RABBİM ALLAH DEDİĞİ İÇİN

 

     Aksine O, ömrünü Allah’ın rızasını kazanma istikametinde geçirmişti. Kur’an’ın çizdiği sınırlar onun kırmızı çizgisiydi. Peygamber sünneti hayatının olmazsa olmazıydı. Alnı secdeden kalkmayan, dilinden duası dur olmayan bir insandı. “Rabbim Allah” diyor ve başka bir şey demiyordu. Ama bütün bunlara rağmen kendisinin bile bilmediği, anlatıldığında anlamadığı ve anlam veremediği çok büyük bir suçu vardı. Bu suç, onu katil olmaktan, hırsızlık yapmaktan, rüşvet almaktan, uyuşturucu satmaktan, kaçakçılığa bulaşmaktan çok daha kötü bir yere taşıyordu ve böyle takip edilmeyi hak ediyordu.

 

ERDOĞAN REJİMİ VE PAYDAŞLARI, GÜLEN’İ SEÇTİ

 

     Onun suçu Erdoğan ve paydaşlarının otoriter rejimi oturtmak için kurban olarak seçtikleri Gülen Cemaati’nin fikri önderi Fethullah Gülen’in ablası olmaktı. Bundan daha büyük bir suç olur muydu?

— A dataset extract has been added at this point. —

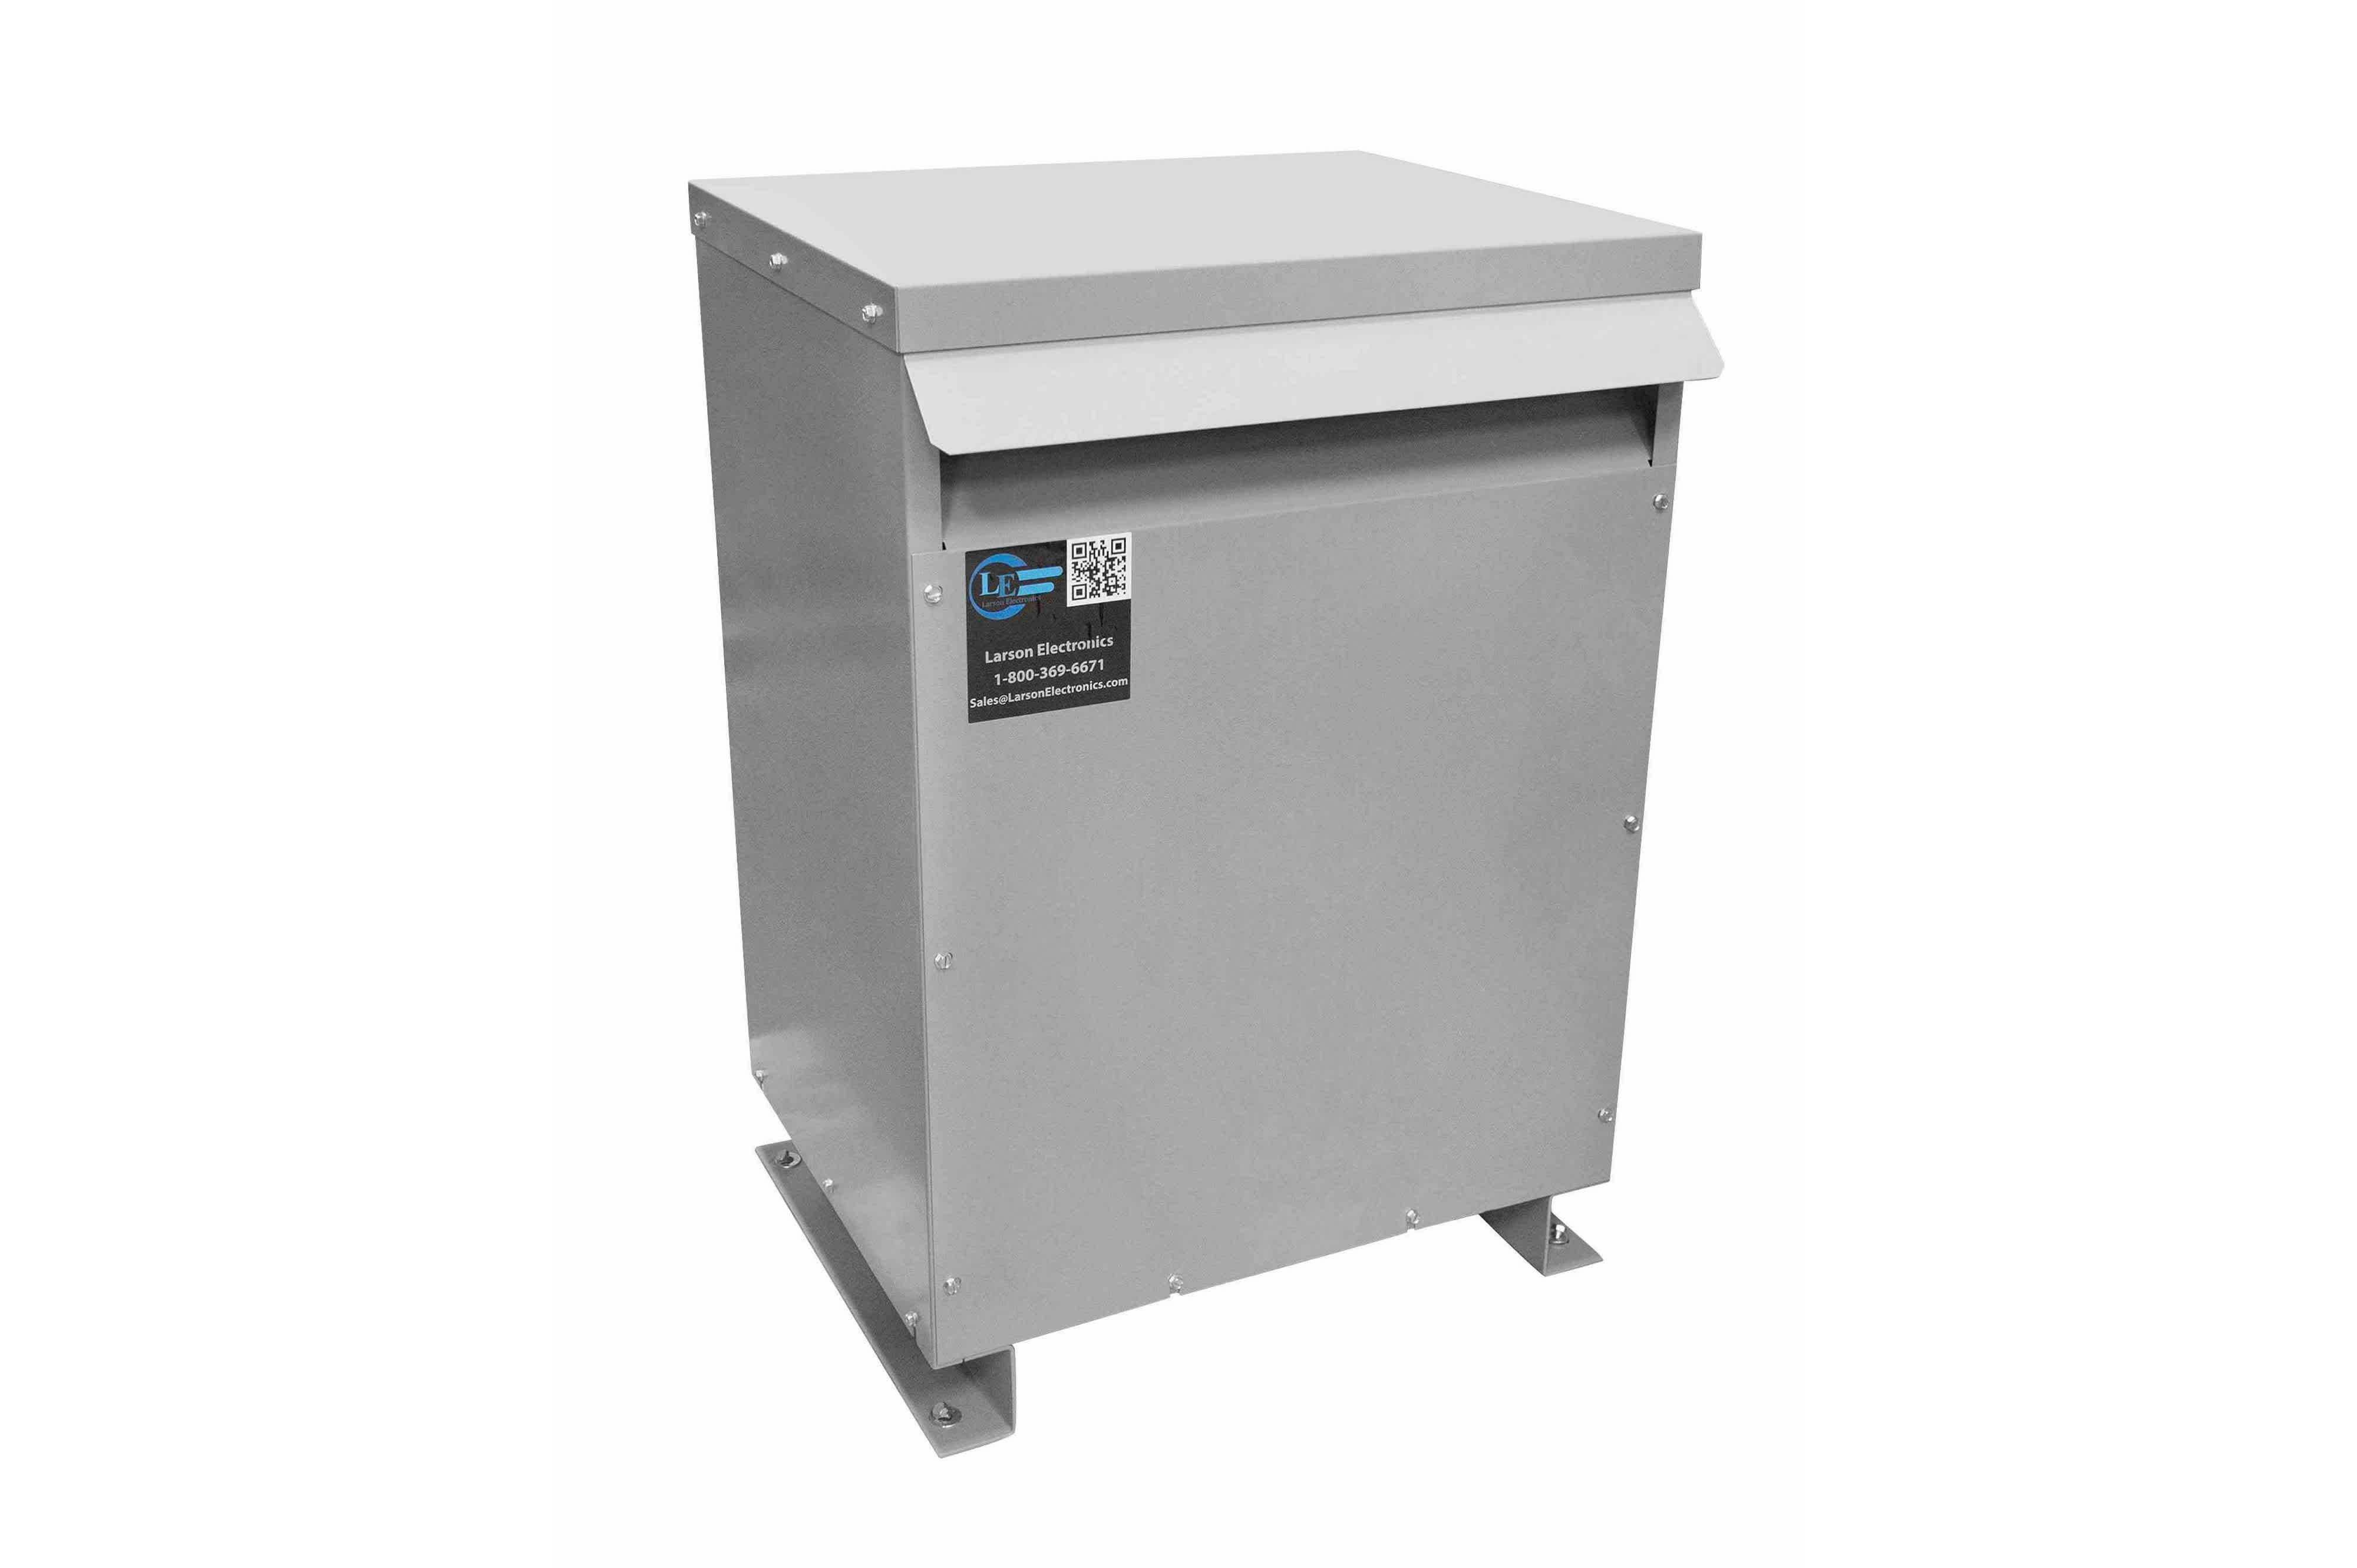 26 kVA 3PH Isolation Transformer, 415V Wye Primary, 208Y/120 Wye-N Secondary, N3R, Ventilated, 60 Hz

     Bugünleri kitap sayfaları arasından okuyup öğrenecek gelecek nesillere armağan olsun şu sözlerim; Erdoğan Türkiye’si Firavun’un Hz. Musa kavmine yaptığı gibi “Rabbim Al- lah” diyen insanların öldürüldüğü, hapishanelere konulduğu, işkencelere maruz bırakıldığı ve saymakla bitiremeyeceğimiz vahşiliklerin yapıldığı, daha da kötüsü bu kötülüklerin sıra- danlaştığı bir Türkiye’ydi. Nur Hayat Seven Hanımefendi son nefesine kadar bunu yaşadı, umarım sizler böylesi bir ülkede yaşamazsınız.